= Narindar Saroop =

Indian-born British businessman (1929–2020)

Major Narindar Saroop (14 August 1929 - 19 December 2020) was an Indian-born British businessman. He was the eldest son of Chaudhri Ram Saroop, Ismaila, Rohtak, India and the late Shyam Devi. He was educated at the Aitchison College for Punjab Chiefs in Lahore and the Indian Military Academy, Dehra Dun.

In 1952 he first married Ravi Gill, the only surviving child of the Sardar and Sardarni of Premgarh, India. This marriage was dissolved by divorce in 1967. By this marriage he had two daughters and one son (deceased).

His second marriage took place in 1969 to Stephanie Denise, the youngest daughter of Alexander and Cynthia Amie Cronopulo of Zakynthos, Greece.

Narindar Saroop served as a regular officer of the British Indian Army, the 2nd Royal Lancers (Gardner's Horse) and Queen Victoria's Own The Poona Horse retiring at the rank of Major in 1952.

Upon leaving the Army Major Saroop became a management trainee at Yule Catto in 1954. He became a senior executive and director of subsidiaries of various multinationals until 1976. Later directorships and advisory positions were with Oxfam Relief Project (1964), Devi Grays Insurance Ltd (1981–84), Capital Plant International Ltd (1982–86), Develt, Clarkson Puckle Group (1976–87), Banque Belge (1987–91), Cancer Relief Macmillan Fund (1992–95), National Grid plc (1993), Coutts & Co. (1995–98) and the BBC Advisory Council on Asian Programmes (1977–81).

He was appointed a Commander of the Order of the British Empire in the 1982 Birthday Honours.

Within British politics, Major Saroop contested the Parliamentary seat for Greenwich as a Conservative candidate in the 1979 general election. He became the first Asian Tory Parliamentary candidate. He became the founder and first chairman of the UK Anglo Asian Conservative Society (1976–79; 1985–86) and vice-chairman of the Conservative Party International Office (1990–92). He was a Councillor for the Royal Borough of Kensington and Chelsea (1974–82) and initiated the Borough Community Relations Committee (1975–77; 1980–82). He was also Chairman of the Working Party on Employment (1978).

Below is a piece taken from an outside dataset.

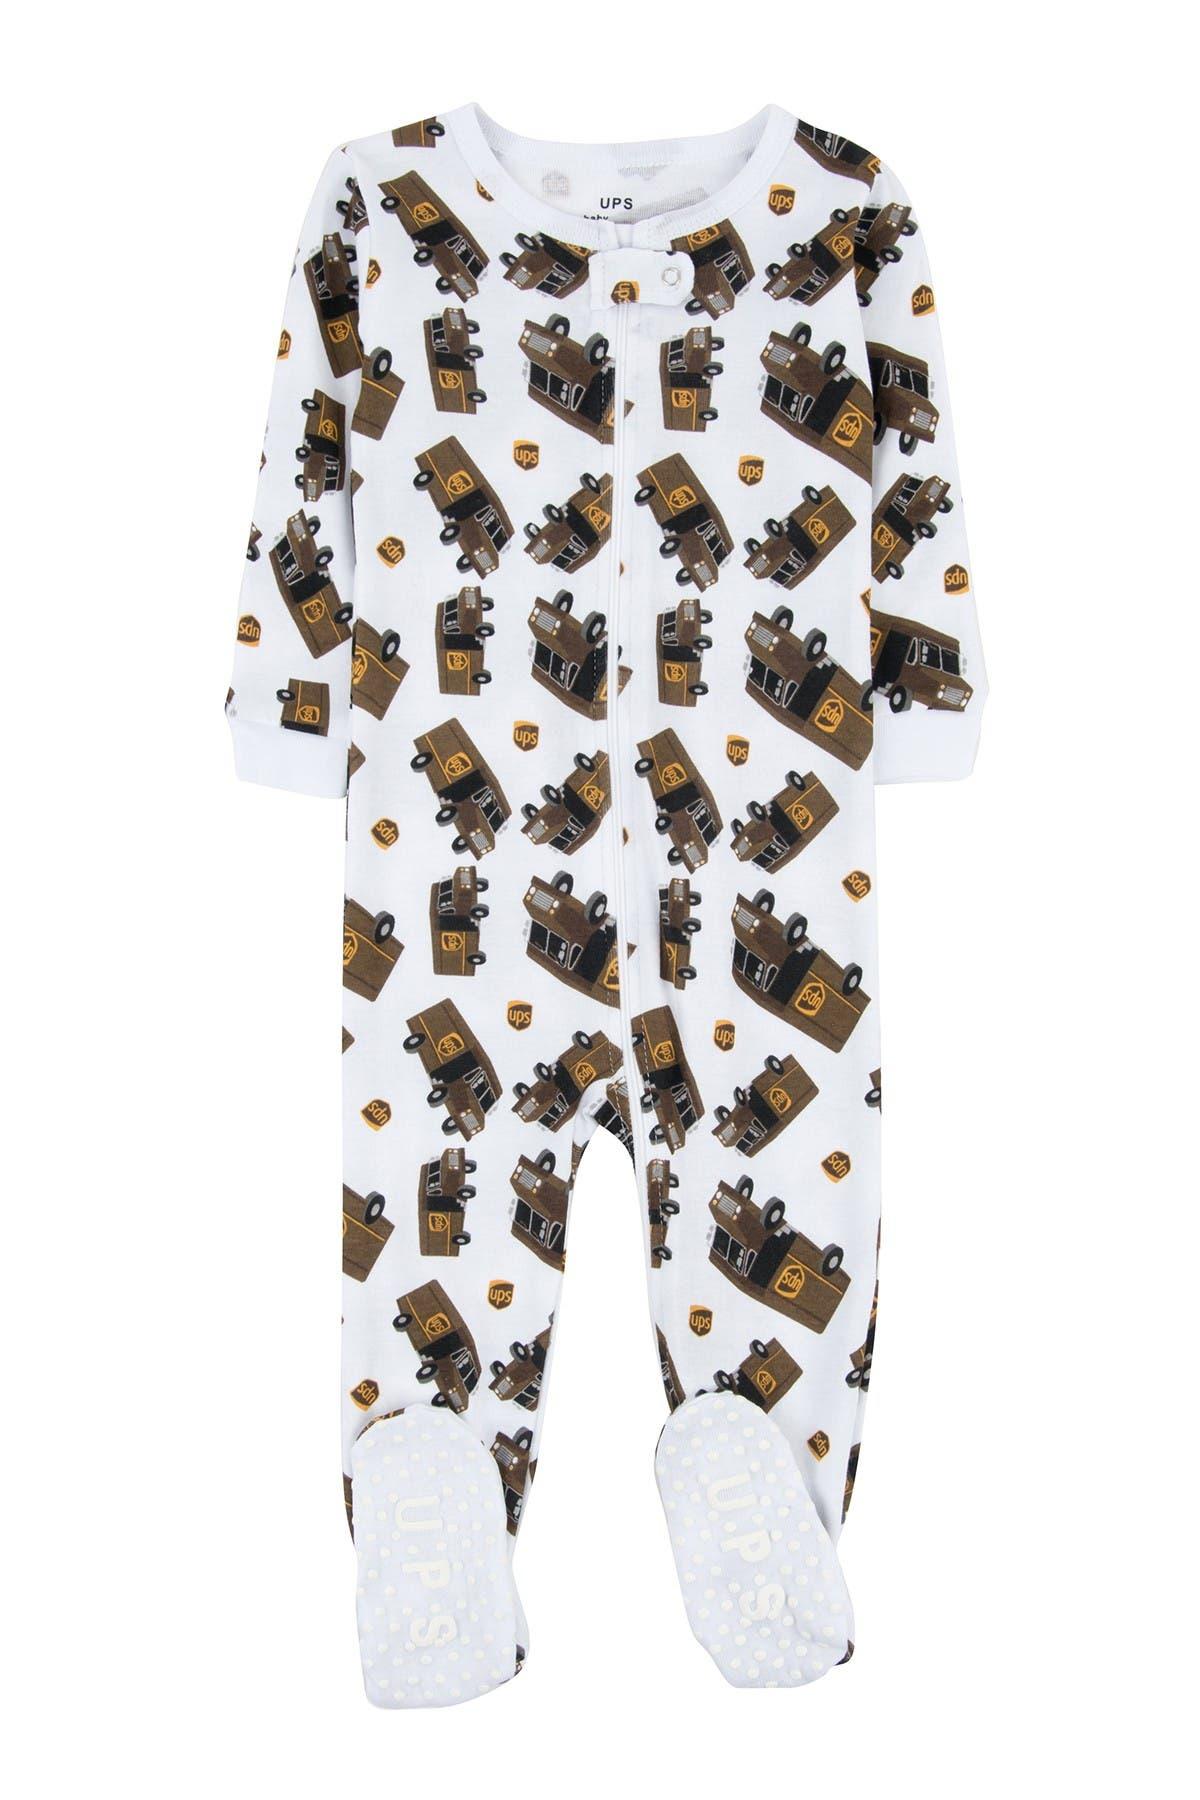 Image of Leveret White UPS Footed Sleeper Pajama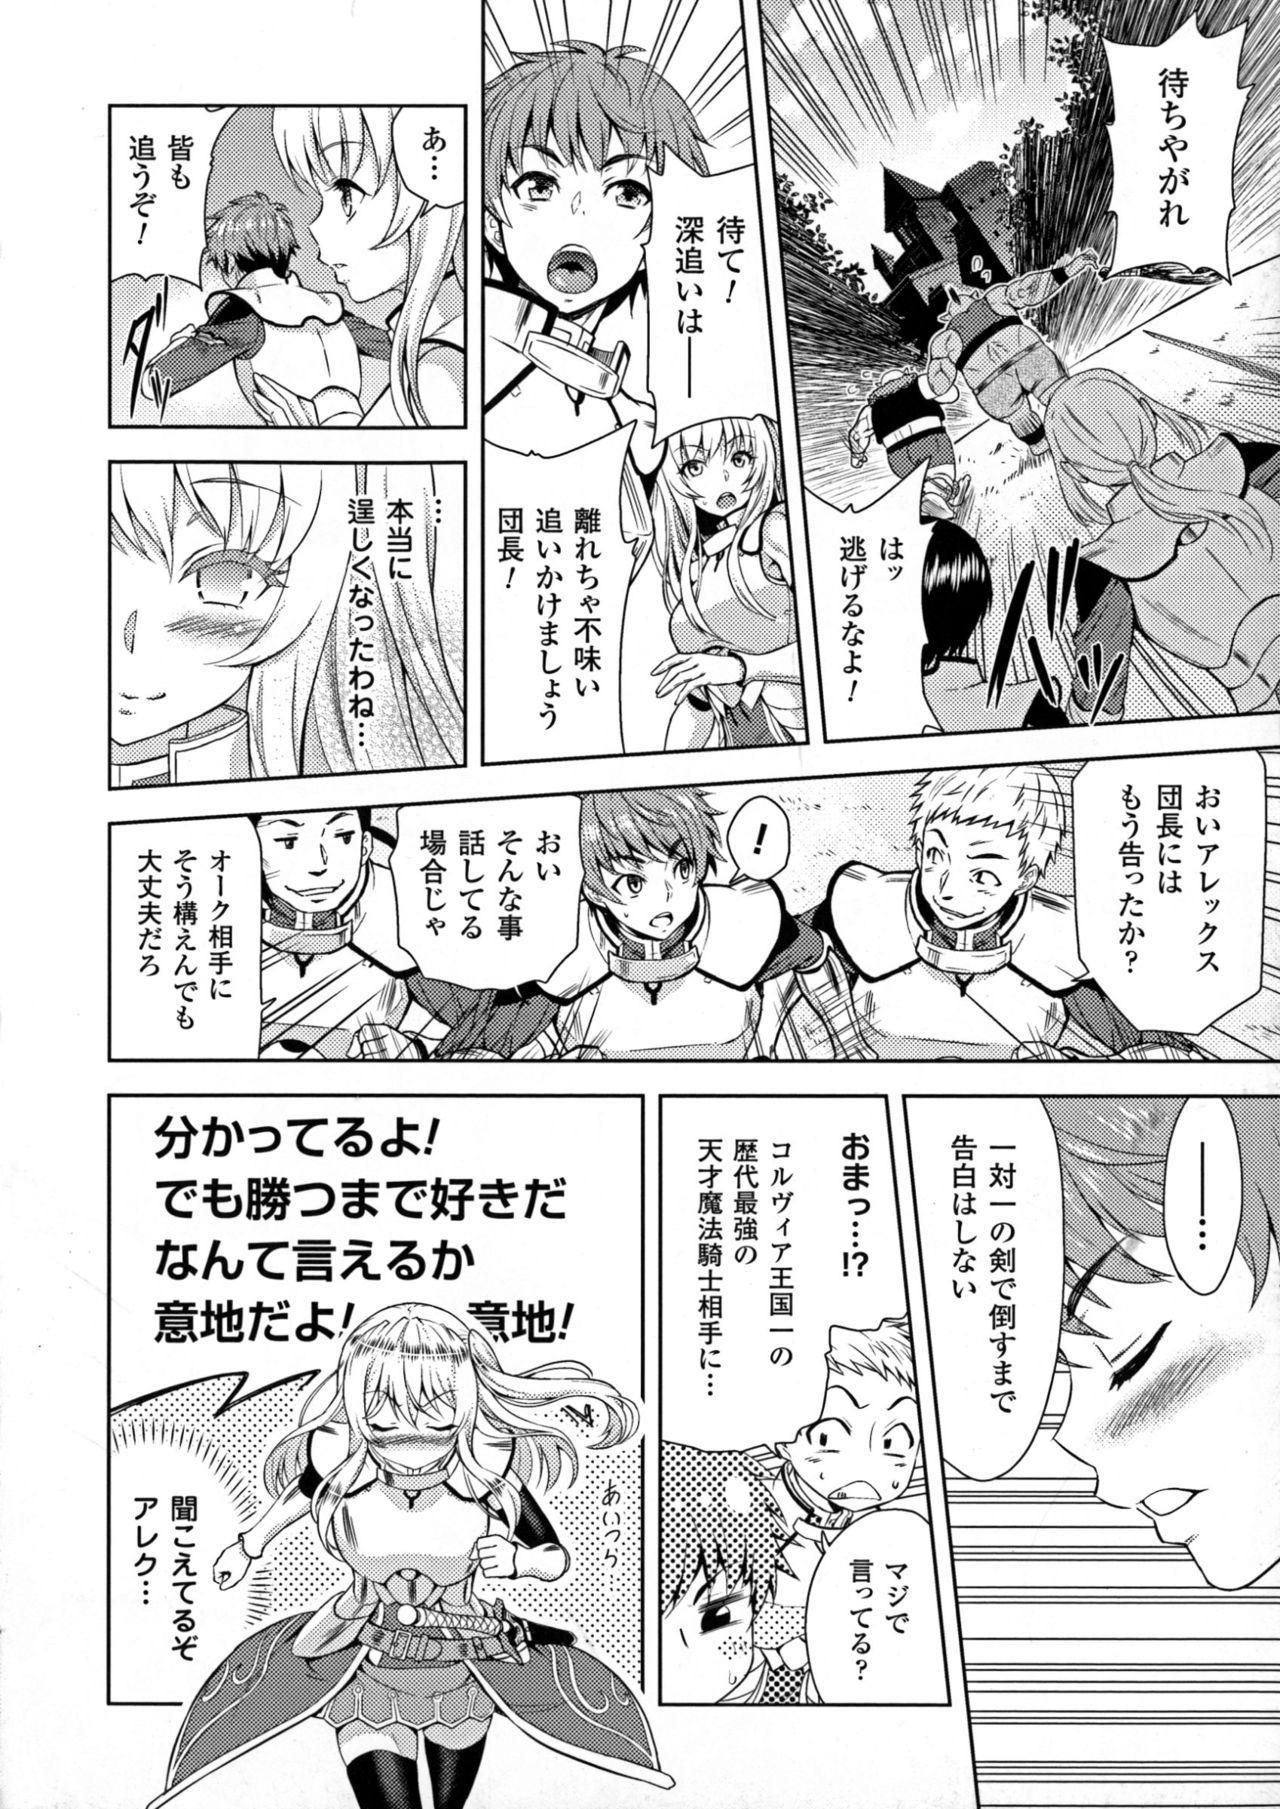 ERONA Orc no Inmon ni Okasareta Onna Kishi no Matsuro Ch. 1-6 5

Other memberships included: The Institute of Directors, Founding member of the Tory Asians for Representation Group, the Victoria and Albert Museum Appeal Committee.

Major Saroop founded and was the Chairman of the Durbar Club (since 1981). He was a member of the Beefsteak Club, the Cavalry and Guards Club, Pratt's, the Imperial Delhi Gymkhana Club, the Royal Bombay Yacht Club and the Royal Calcutta Golf Club.

He died on 19 December 2020 at the age of 91.